NJ Paid Sick Leave Law – What Does It Mean For Employers?

May 07, 2018
| David Pearson
NJ Paid Sick Leave Law

2018 is shaping up to be a significant year for employment law in New Jersey. In March, New Jersey lawmakers passed legislation aimed to boost pay-equity laws in the state.

Later in the month, Governor Phil Murphy signed the pay-equity bill into law.

At the same time as this piece of legislation was passed, the New Jersey assembly advanced a bill on paid sick leave. On May 2nd, Governor Murphy officially signed the bill into law, making New Jersey the 10th state to enact mandatory paid sick leave legislation.

The new law, which goes into effect on October 29, 2018, will require New Jersey employers of all sizes to provide up to 40 hours of paid sick leave to eligible employees.

Paid Sick Leave in New Jersey

The new law is important for New Jersey employers to understand completely in order to remain compliant, and avoid any lawsuits from employees.

The law will apply to most employees working in New Jersey, aside from a few exceptions:
  • Employees in the construction industry employed under a collective bargaining agreement
  • Per diem healthcare employees
  • Public employees who already have sick leave benefits

It’s also important to know that the law applies to any business entity in New Jersey that employs employees, regardless of size. The only exclusion are public employers who are required to provide paid sick leave to their employees.

Another important aspect to note is that this law will supersede all existing and any future municipal ordinances in the state that deal with paid sick leave. There are currently 13 municipalities that have their own paid sick leave ordinances.

How Does The Paid Sick Leave Law Work?

The law allows employees to accrue sick leave time with a cap of 40 hours per benefit year at a rate of 1 hour for every 30 hours worked.

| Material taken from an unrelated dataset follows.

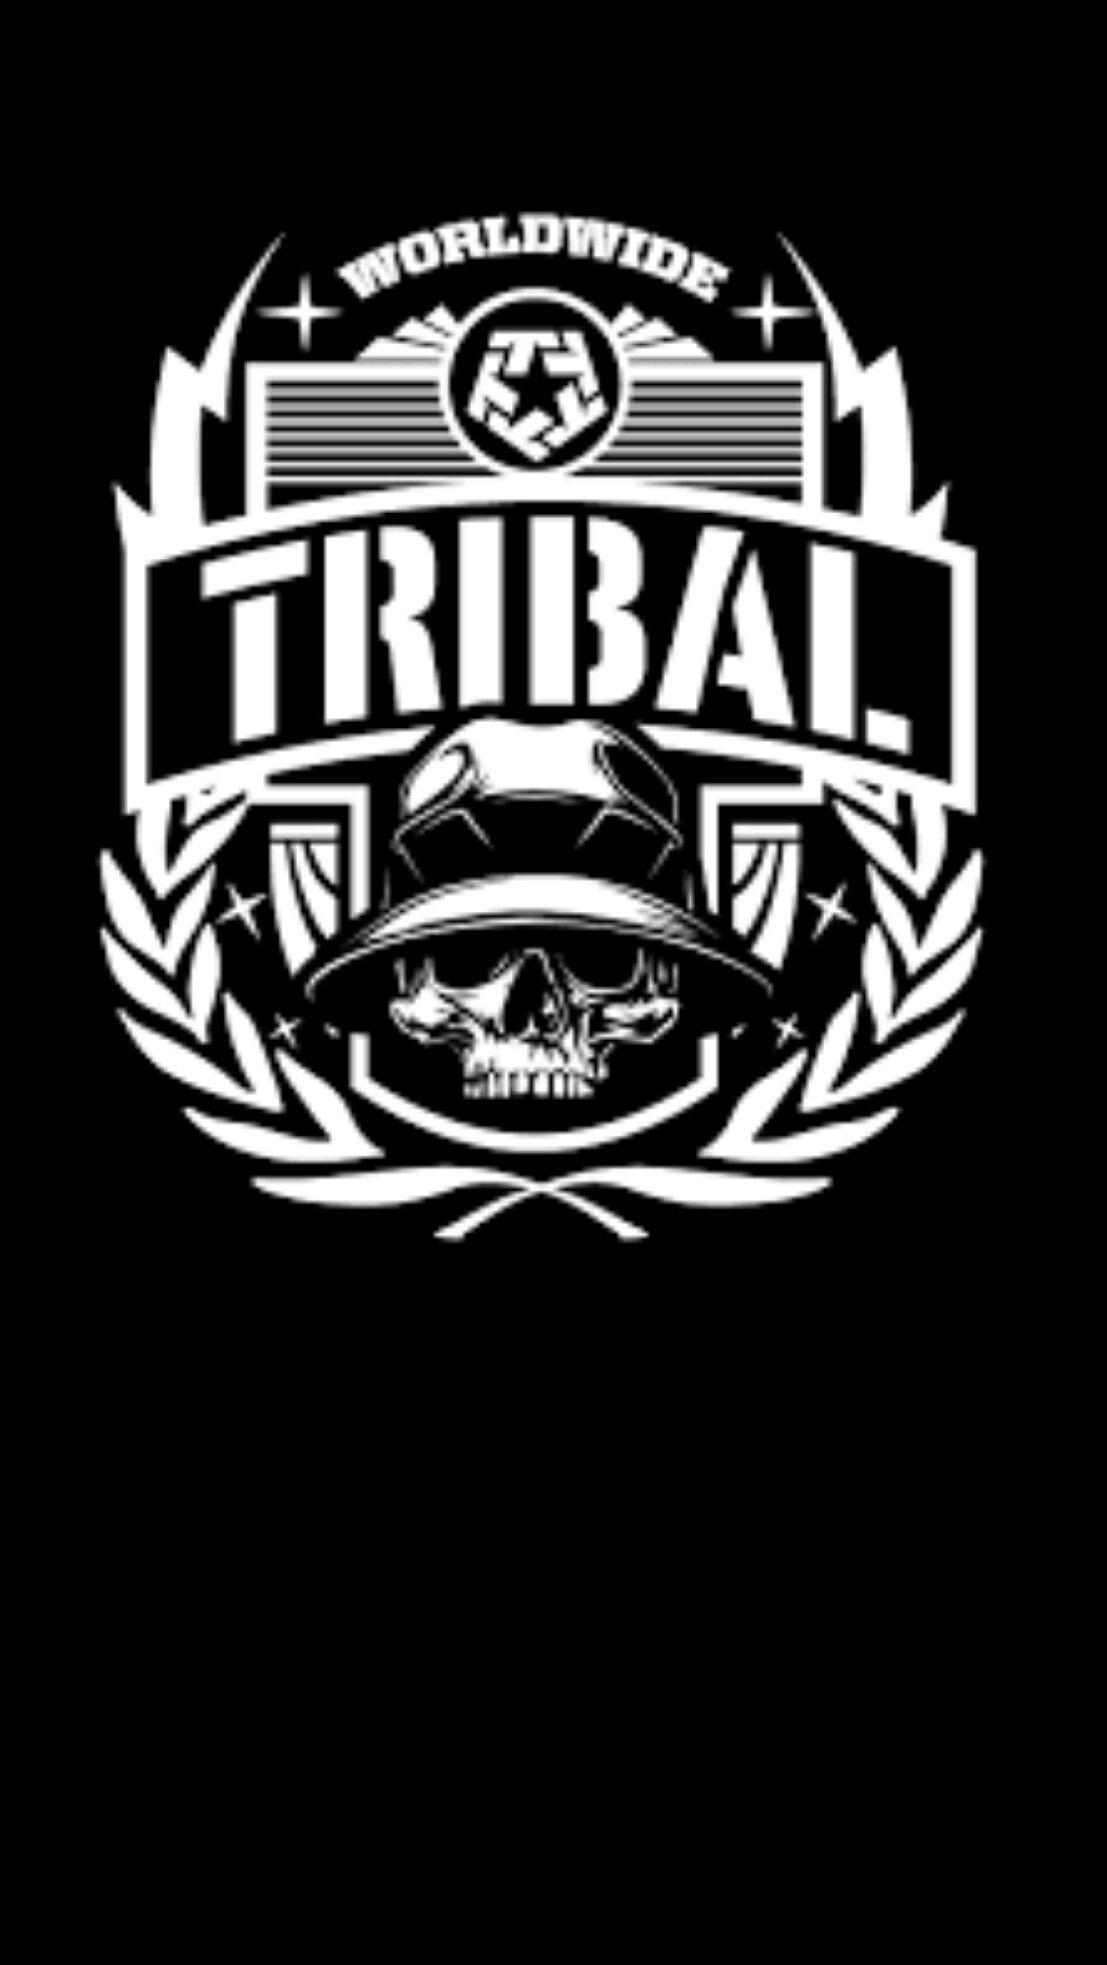 Tribal Gear Wallpaper

As an alternative, an employer may frontload the full 40 hours at the beginning of the company’s designated benefit year.

Additionally, employers who have existing PTO, personal days, vacation days, and sick day policies may utilize them to meet the requirements set by the state paid sick leave law.

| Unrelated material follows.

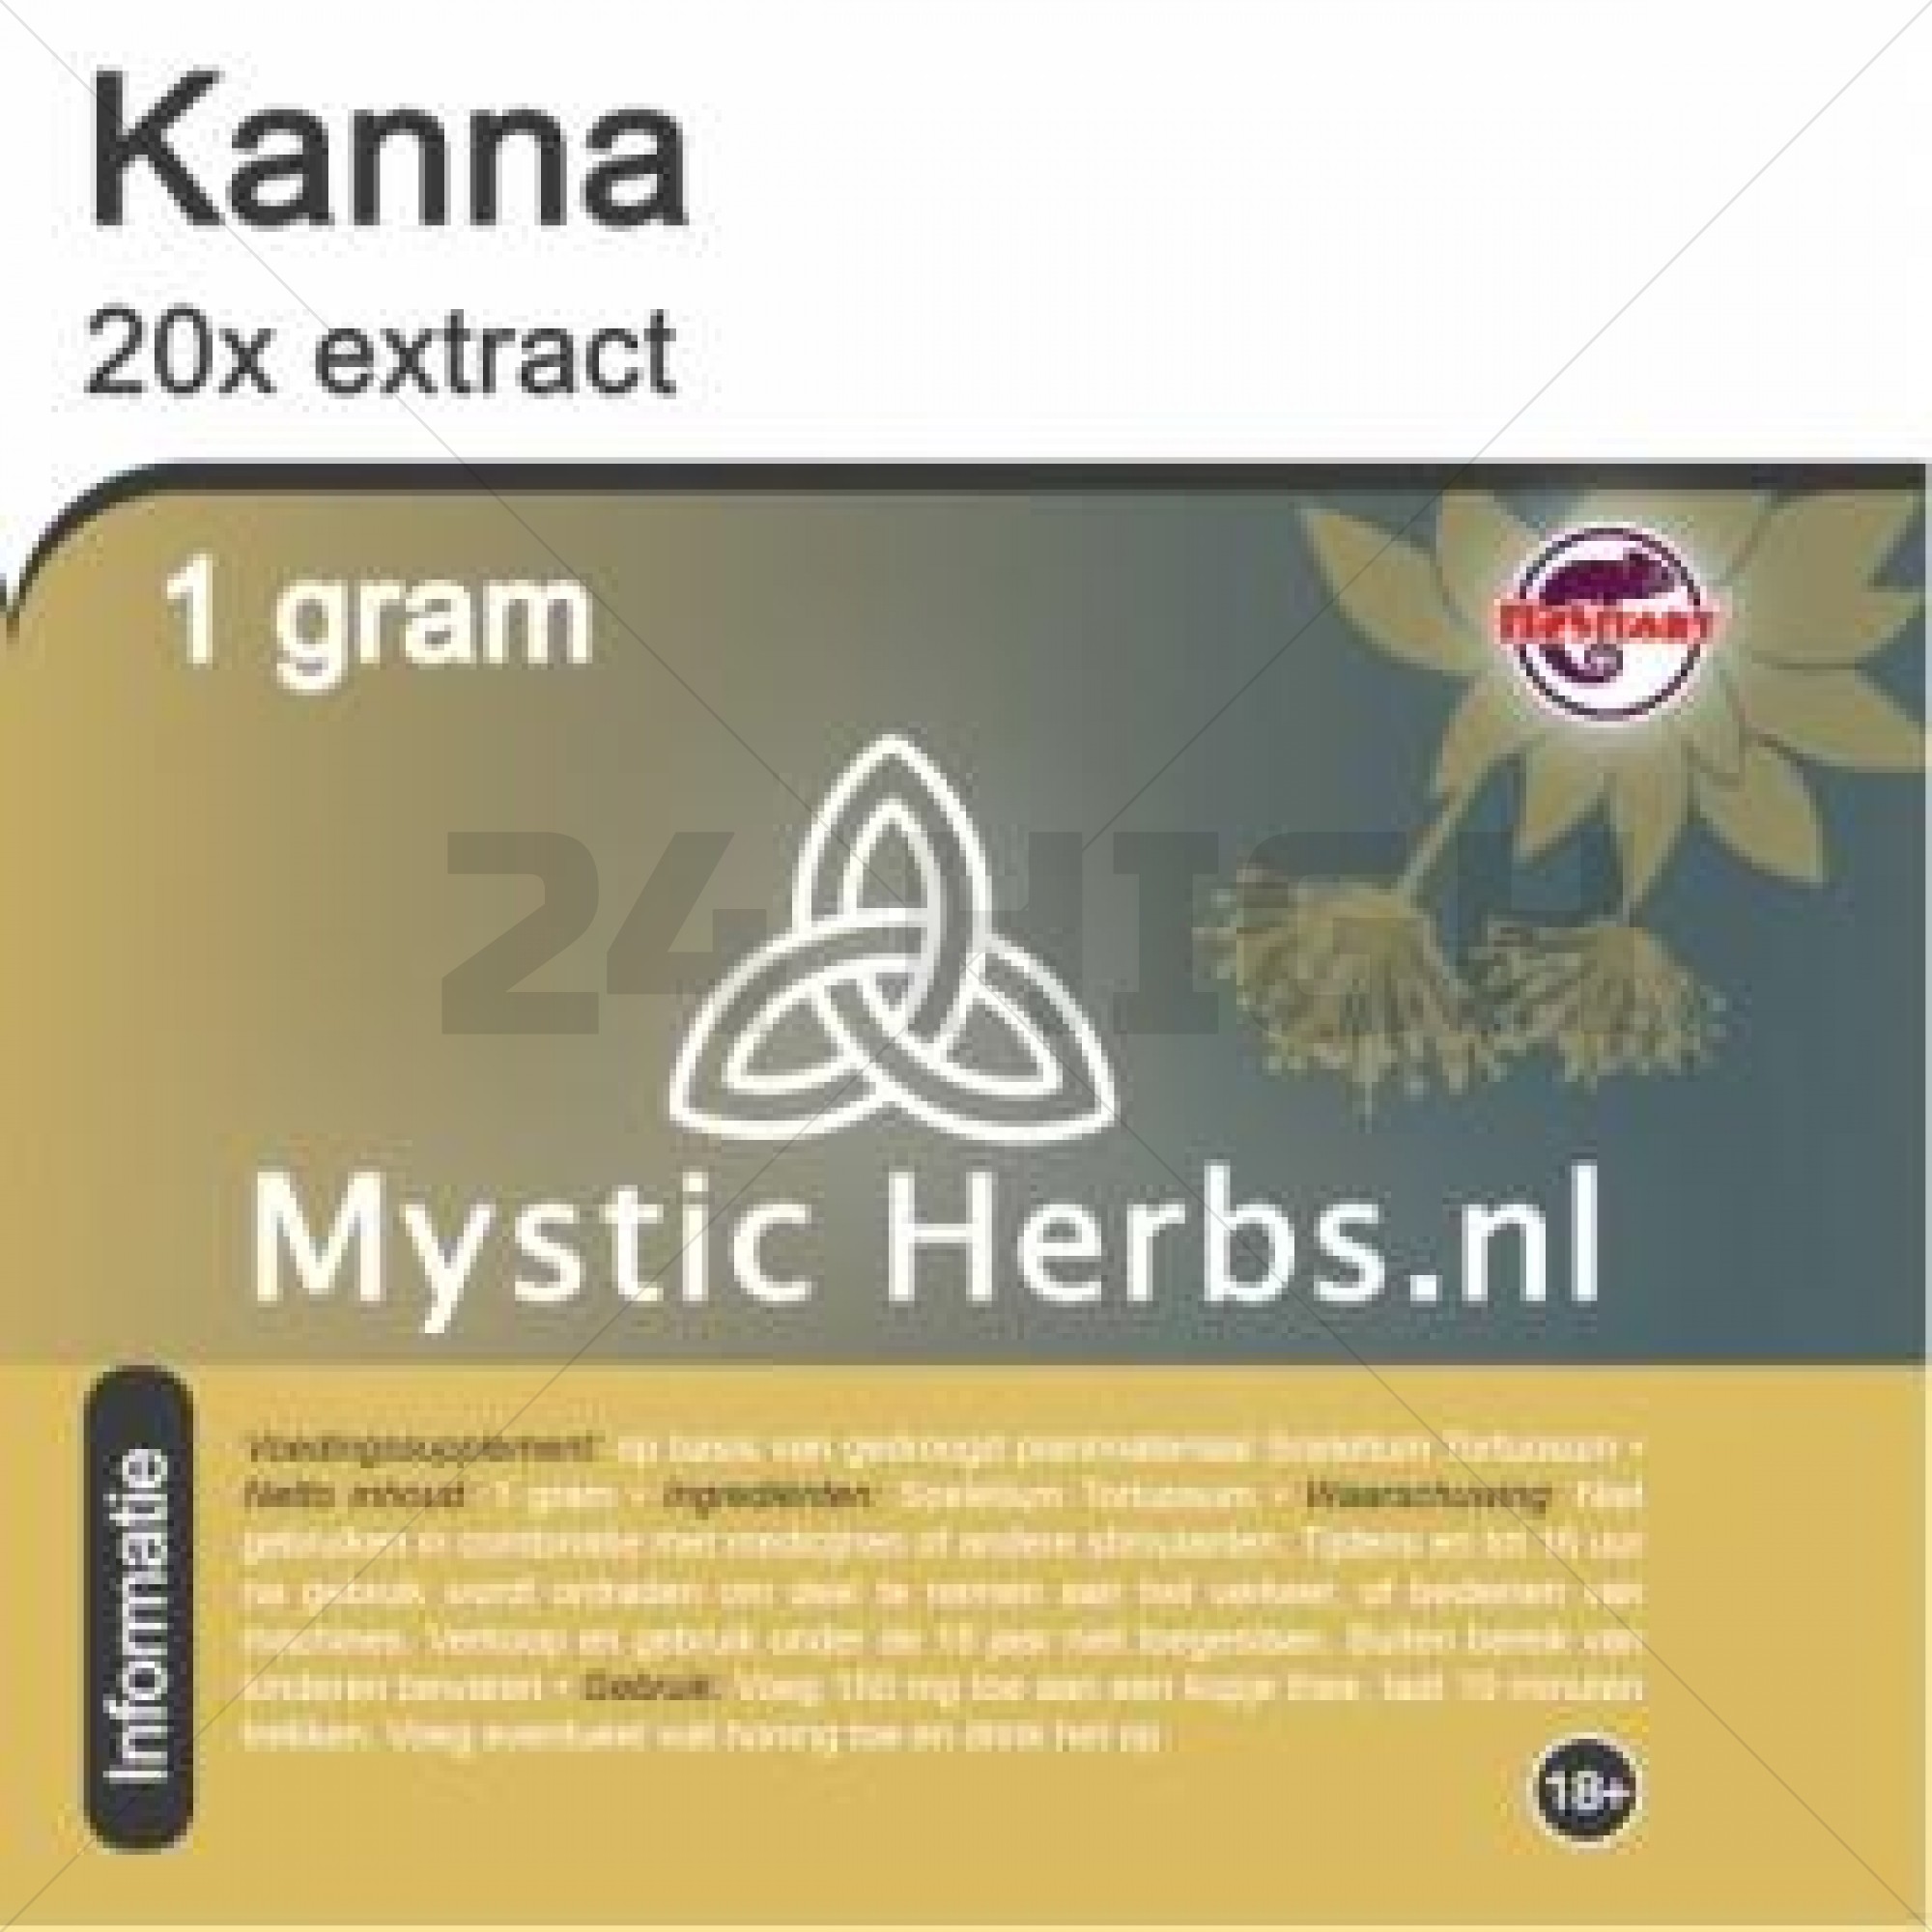 Kanna 20x Extract

However, if doing so, employers must allow employees to use their paid sick leave time off as required by the state law.

The process for paid sick time accrual differs for temporary help services firms who place an employee with a client company. In this scenario, paid sick leave will accrue by total time worked on assignment with the temporary help firm.

The law also lays out how employees can use their paid sick time. It’s important to note that employees must wait to use their paid sick time until after their 120th day of employment.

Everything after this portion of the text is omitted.